CIMRL pretende criar entre 350 a 500 fogos de habitação acessível

18 Dezembro 2025

O Portomosense

A Comunidade Intermunicipal da Região de Leiria (CIMRL) quer criar entre 350 a 500 fogos de habitação acessível nos 10 municípios que a integram, informação avançada pela própria CIM em comunicado. Esta medida insere-se no âmbito do Programa Intermunicipal de Habitação Acessível: «O programa tem como meta criar 350 a 500 fogos de habitação acessível nos 10 municípios da região, garantir rendas 20 a 40% abaixo do valor de mercado, fixar jovens e profissionais essenciais aos serviços públicos, requalificar património edificado e promover sustentabilidade energética e estabelecer governança intermunicipal inovadora», pode ler-se na nota de imprensa.

Este Programa vai ser implementado pelo Agência Intermunicipal Viver Região de Leiria e inclui «reabilitação de imóveis devolutos, construção nova, aquisição de imóveis estratégicos e parcerias público-privadas com preços controlados».
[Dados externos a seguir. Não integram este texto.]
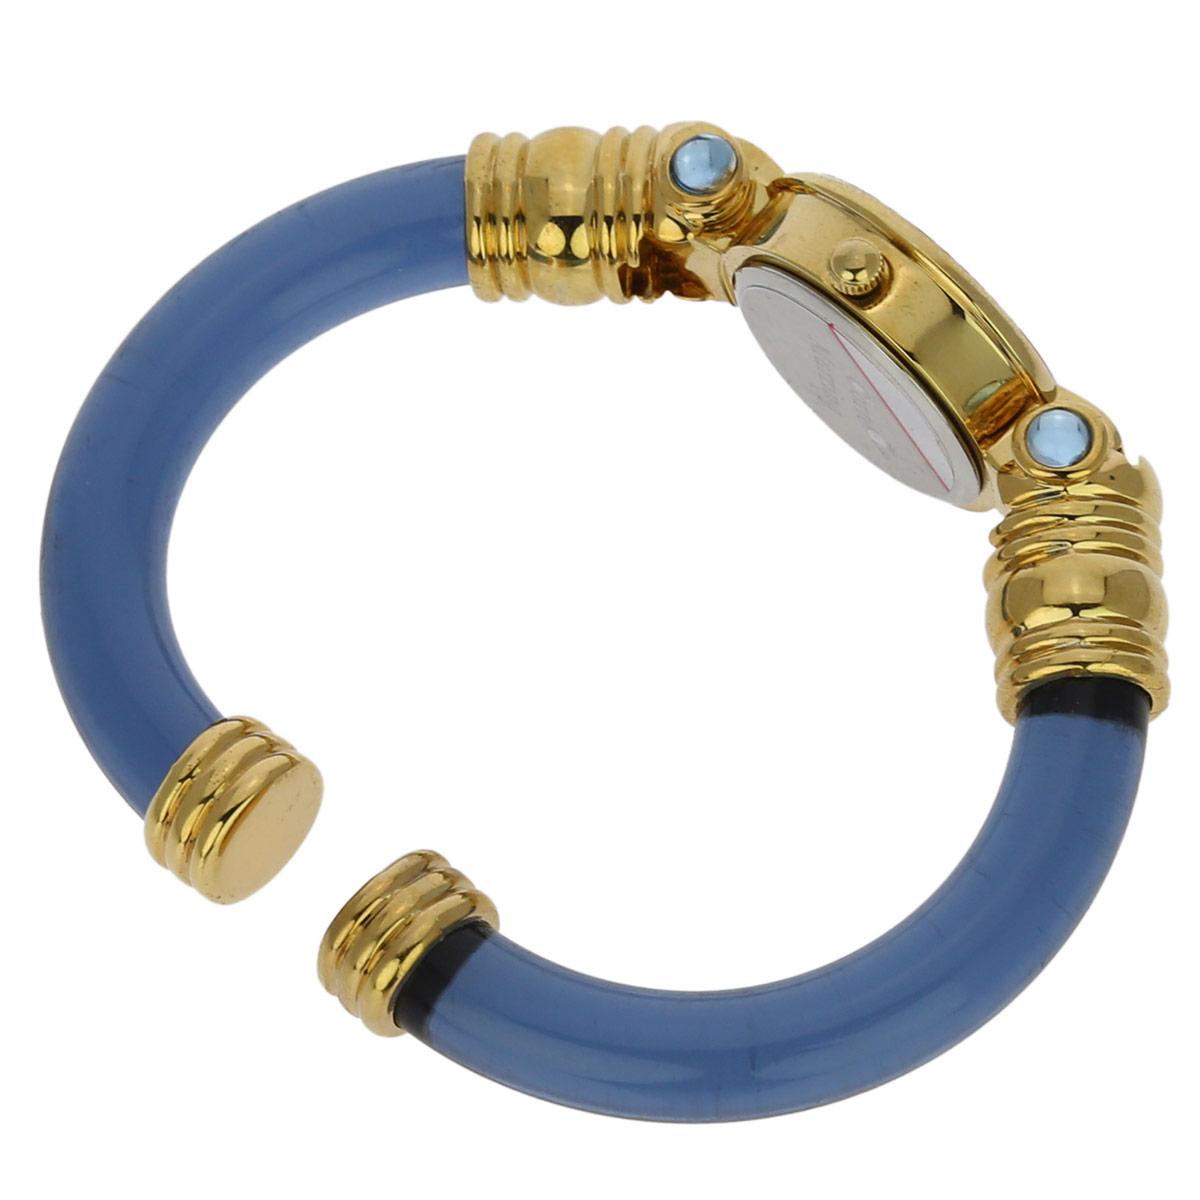 Murano Millefiori Bangle Watch - Light Blue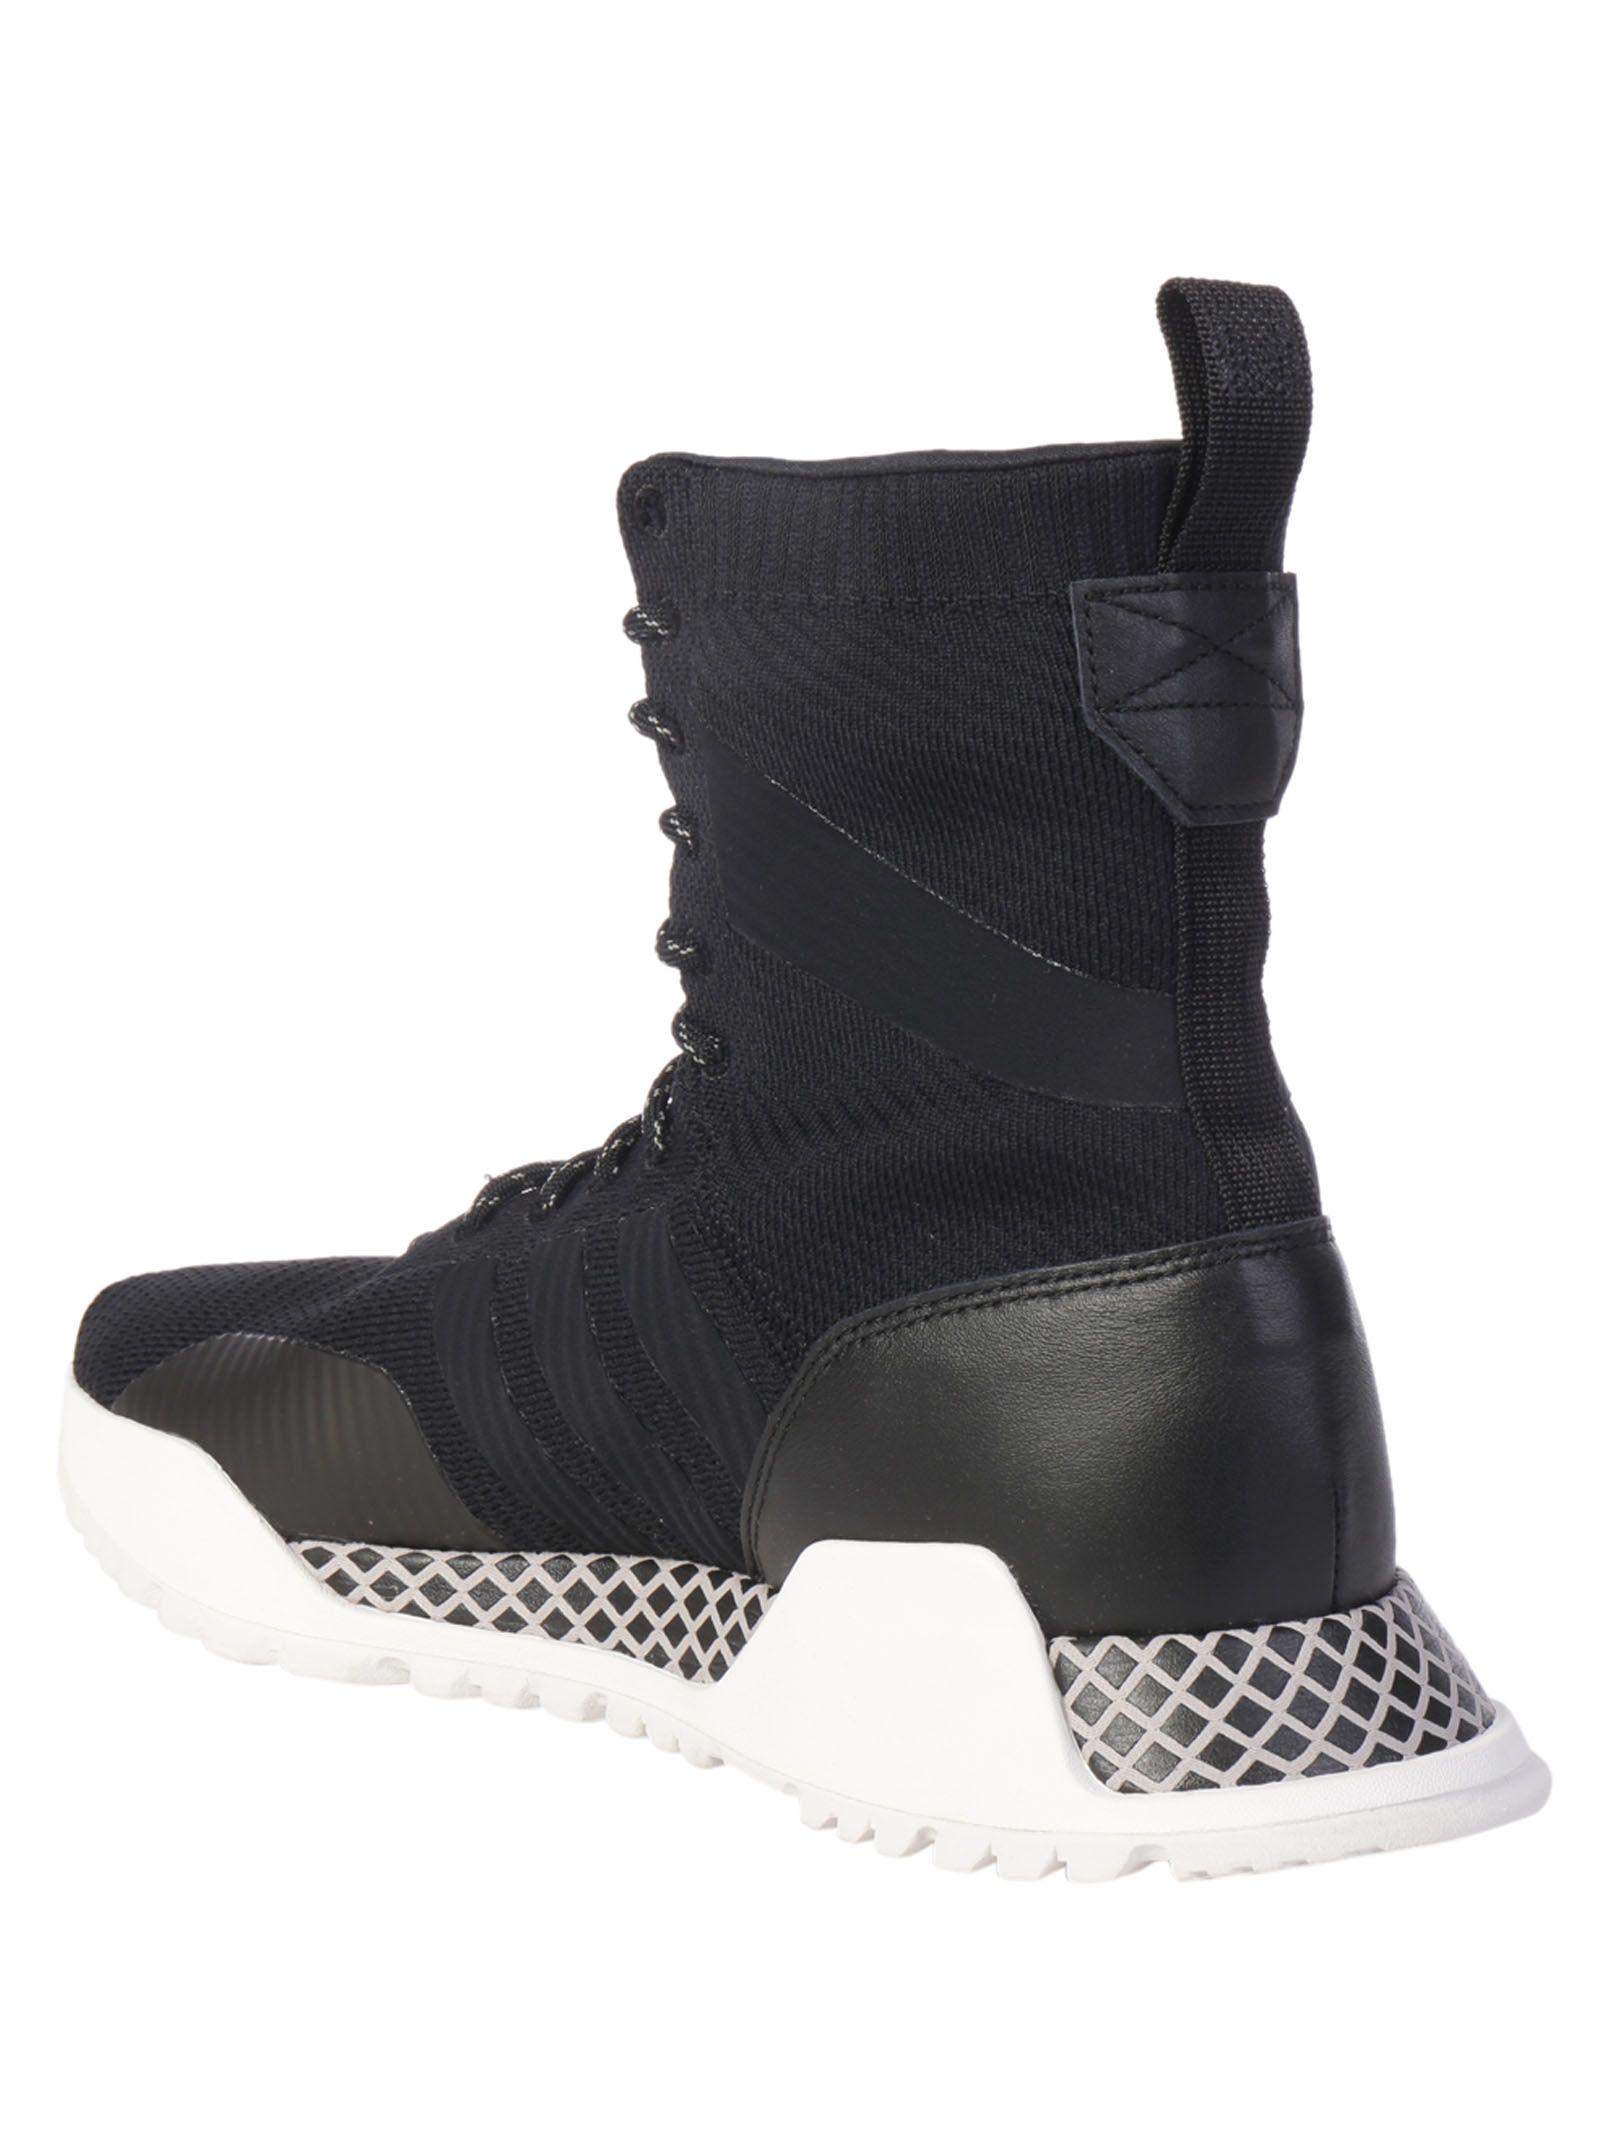 Adidas Chaussures De Sport Haut Atric ep4aQYzqeW

Em declarações à agência Lusa, o atual presidente da CIMRL, Jorge Vala, defendeu que esta medida vai «responder à dificuldade do acesso à habitação»: «Este é um problema que não é apenas dos maiores centros urbanos, é um problema de todos os concelhos da Região de Leiria e, por isso, decidimos avançar com uma agência para a habitação, coordenada pela Comunidade Intermunicipal, e que, de alguma forma, dará resposta a esta questão da habitação a preços controlados, a custo acessível ao nível do arrendamento». O também presidente da Câmara de Porto de Mós admite que esta é uma «meta ambiciosa» mas que é para ser trabalhada «nos próximos entre quatro a oito anos». «Este mandato já vamos concretizar, com toda a certeza, uma parte desta ambição», sendo que os primeiros passos são «montar a agência» e «avançar com toda a parte administrativa e burocrática» para depois sim dar seguimento aos projetos e candidaturas. 

«Estes projetos decorrem de habitação que já faz parte dos municípios, alguma dela, habitação degradada, outra requalificada ou reconvertida, outra com terrenos, como é o caso, por exemplo, de Porto de Mós, que tem terrenos disponíveis para entregar à agência para construir habitação», esclareceu. O projeto vai «naturalmente avançar com maior rapidez onde faz mais falta, que são os maiores centros urbanos», mas será depois estendido a toda a região. «A nossa ambição é, mais uma vez, afirmar uma região como um todo, uma região coesa, uma região preocupada com todos os municípios (…). E entendemos que é fundamental avançar para um projeto intermunicipal que, mais uma vez, afirma a coesão desta região». 

Segundo o comunicado, este programa destina-se prioritariamente a jovens casais, profissionais de saúde, militares da GNR e agentes da PSP, professores e educadores de infância, e agentes da justiça, podendo chegar ainda a outros agregados que cumpram critérios sociais ou económicos a definir pela CIMRL. Alvaiázere, Ansião, Batalha, Castanheira de Pera, Figueiró dos Vinhos, Leiria, Marinha Grande, Pedrógão Grande, Pombal e Porto de Mós são os 10 municípios que integram esta CIM.